Sur une carte, la frontière est ce trait de crayon plus ou moins appuyé qui sépare deux Etats. En pointillé, il raconte un tracé discuté, voire disputé. En continu, il exprime la reconnaissance – parfois dans la douleur – de cette frontière. Depuis la chute du mur de Berlin, les cartographes n’ont cessé d’épaissir plus d’une cinquantaine de traits avec la multiplication des barrières de sécurité dans le monde. Ces murs séparent les peuples, les niveaux de vie, entravent la circulation des hommes et limitent les trafics. Les frontières ne sont pas les seuls éléments à cartographier, mais elles symbolisent les choix que le cartographe doit faire pour chaque élément posé sur la feuille.

Classées en cinq dossiers

Les cartes produites chaque semaine dans les pages « Géopolitique » du Monde, dont nous publions ici une sélection, cherchent à mettre en lumière une situation troublée, un enjeu, des rivalités aux facteurs multiples. Nous les avons classées en cinq dossiers montrant les zones de tension et les interrogations autour d’un monde mouvant : l’Europe qui doute, les défis de l’ère Trump, la Chine et la Russie qui s’affirment, le feu au Moyen-Orient et les enjeux de la gouvernance mondiale.
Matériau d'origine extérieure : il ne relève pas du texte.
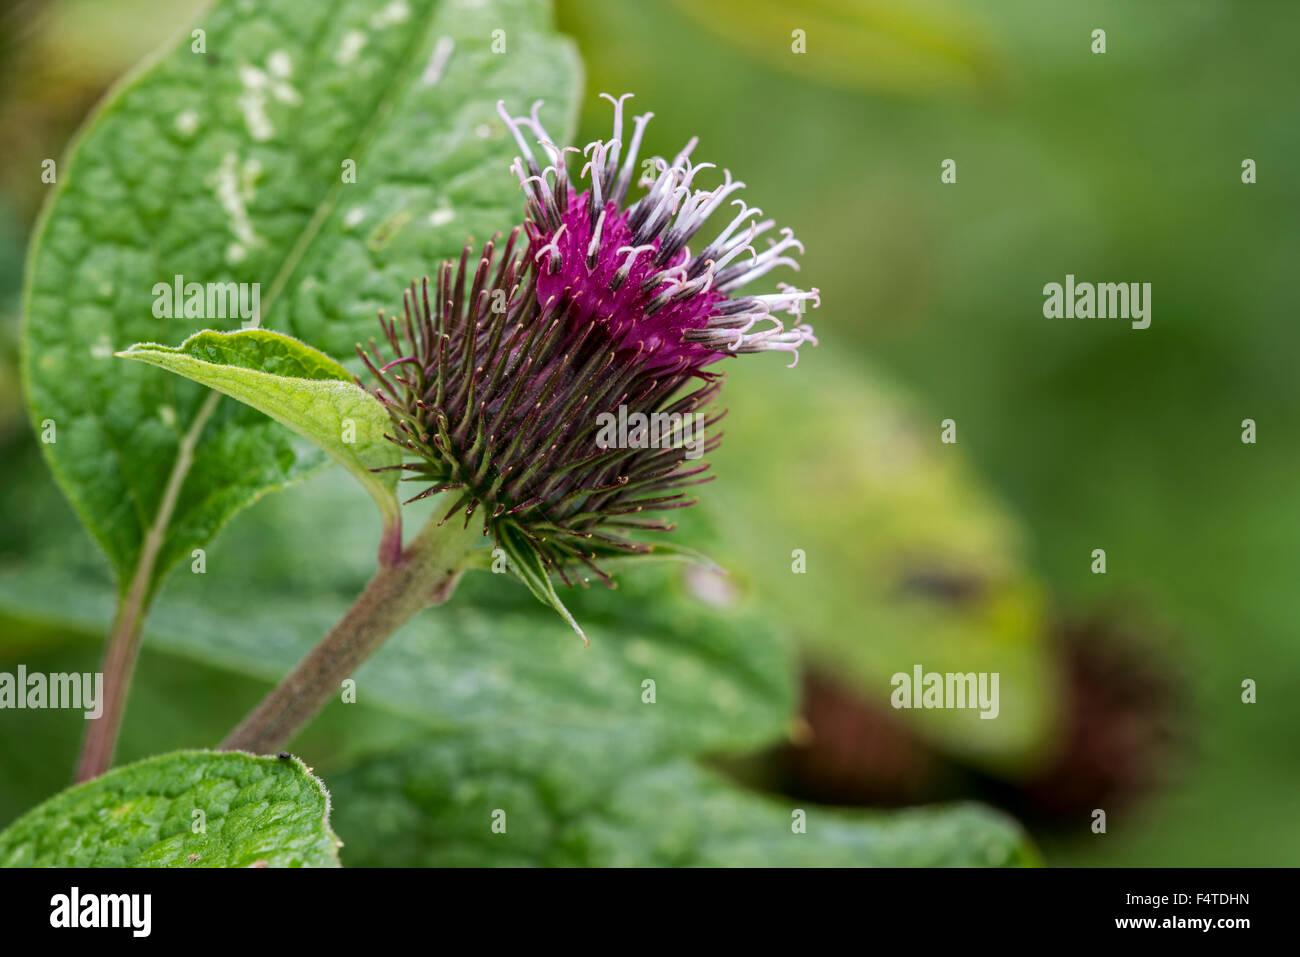 Lesser burdock / burweed / louse-bur / common burdock (Arctium minus) in flower - Stock Image

Le défi, pour le cartographe, est de présenter, avec des points, des chiffres, des lignes et des à-plats de couleur, la complexité, sans user d’adjectifs qualificatifs pour nuancer son propos. Les informations cartographiées sont issues de la collaboration entre le journaliste chargé de la rubrique concernée, des chercheurs universitaires et les cartographes du service Infographie, qui synthétisent le récit des gens de terrain. Ces cartes sont avant tout l’expression d’un choix éditorial : à travers des légendes articulées en plusieurs parties et « anglées » comme un article, elles cherchent à expliquer la complexité des enjeux sans être simplificatrices, afin de guider le voyageur-lecteur-citoyen soumis à un flot d’informations. Nous avons complété ce choix géopolitique avec sept cartes pointant les fractures françaises – éducation, logement, transports, santé, chômage, emploi, sécurité – qui seront les dossiers auxquels le nouveau président de la République et la nouvelle Assemblée nationale devront se consacrer en priorité.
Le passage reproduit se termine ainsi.